Oilers followers make Edmonton loud, welcoming metropolis to guests

Landing in oil country during the Oilers’ best playoff run in years has been an eye-opening, “raucous” experience for two international visitors.

This was the year Carl Briggs was finally able to visit his friend, who had begged him for years to take a trip to Canada.

“I rang him this year and said, ‘Look, I’m going to come and see you. Will I get to see hockey at some point?'” the Leicestershire, England, resident recalled.

The last week of May leading into June was the only time Briggs could swing a trip.

“He was like, ‘There’s going to be playoffs. Let’s hope for it. Fingers crossed.'”

Briggs watched – as much as he could during night shifts in the UK – as the Oilers’ cruised through the regular season and first round to face the Calgary Flames.

But the Edmonton team didn’t need seven games to put out the Flames, thanks to star Connor McDavid scoring the game-winning point in overtime on May 26 and killing any need for a Game 6 in Alberta’s capital city where Briggs was about to touch down.

“I kinda knew when Connor McDavid does what Connor McDavid does in overtime, my dream potentially for live hockey was over,” Briggs recalled.

He arrived in the throes of the Western Conference Final.

“I’ve never realized the hype. Bear in mind, the games haven’t been here this week. But we went to the watch party the other day, and I just sat there going, ‘This is insane.’ People are effectively watching a TV in a stadium and it’s raucous,” Briggs laughed, speaking to CTV News Edmonton on Friday, ahead of Edmonton’s third game against Colorado.

“We were in the flat the other day, and I was like, ‘What’s that noise? Something going on out there?’ And he said, ‘Welcome to Oiler country.’ Just people banging the horns non stop on the cars going by the stadium.”

The former rugby player went so far as to call hockey “the pinnacle of sport.”

“It has everything. It has the razzmatazz of the noise, the glamour, the hits, the scale of these guys, as well, and the pace.”

FANS, CITY VERY WELCOME

His awe is not unlike Jonathan Whitelaw’s. The Scot and his family are living in Edmonton for the summer before moving to northern Alberta where his wife will work as a doctor.

Fans of North American sports naturally, the couple “totally immersed” themselves in Oilers culture, and prepared for the move by watching All or Nothing: Toronto Maple Leafs, which their favorite player Zach Hyman was featured in.

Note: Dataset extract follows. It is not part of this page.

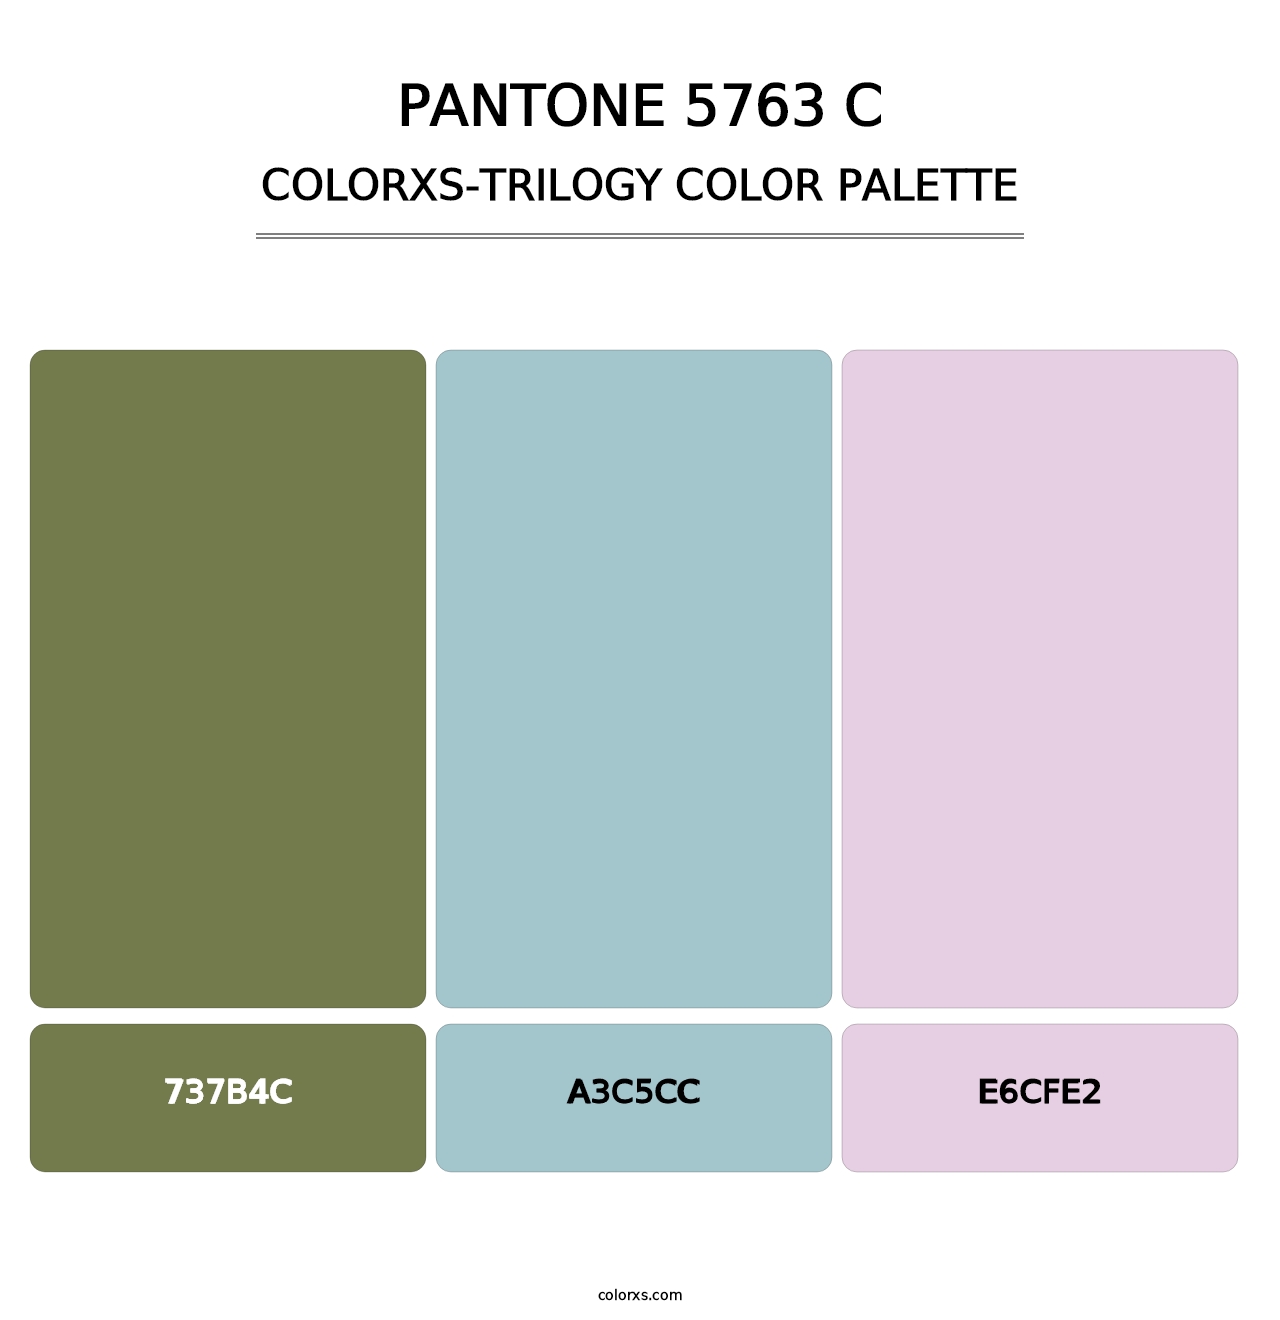 PANTONE 5763 C - Colorxs Trilogy Palette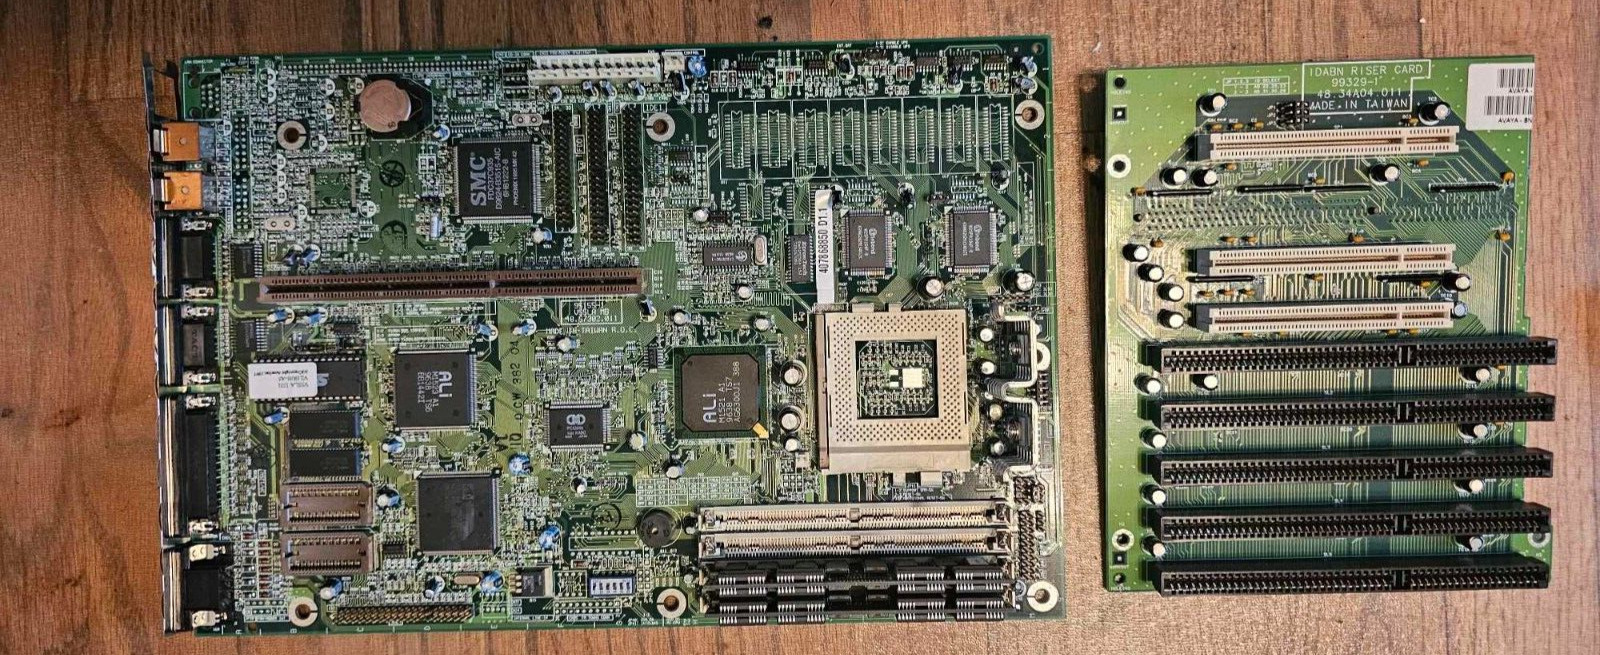 Vintage Acer/Fujitsu Motherboard V55LA FMV-5100D6 AcerMate 930 Socket 7 PGA321

“I know that’s terrible to say wearing an Oilers jersey, but … he featured very very prominently in that. So when we learned that he’d been picked up in the off season, we followed his progress. And he’s had a great playoff run , as well,” Whitelaw told CTV.

Jonathan Whitelaw and his family are living in Edmonton for the summer before moving to northern Alberta, and landed in the city in the middle of NHL playoffs.

“It felt almost like he followed us to Edmonton. Maybe, we followed him, actually.”

It’s not the only coincidence that has made the journalist and author feel more connected to the city; the cover of his last book, published in April, was orange and blue.

“It was written in the stars, I think,” he smiled.

Both he and the Englishman only spoke favorably of the fevered fans in Alberta’s capital city.

“We’ve been made to feel so welcome. Not just by Oilers fans, right enough, but by the whole city. The whole city’s made us feel really really welcome. I was retweeted by the mayor the other day, which, again, I don’t think that’s ever happened to me,” Whitelaw said.

So caught up in the excitement of finals, and so close to seeing a live game, Briggs even decided at the last minute to stay for Game 3 in Edmonton against Colorado.

“I haven’t told my wife yet,” he said Friday, smirking.

“I’m hoping she’ll be OK. I might have to stay a bit longer if not.”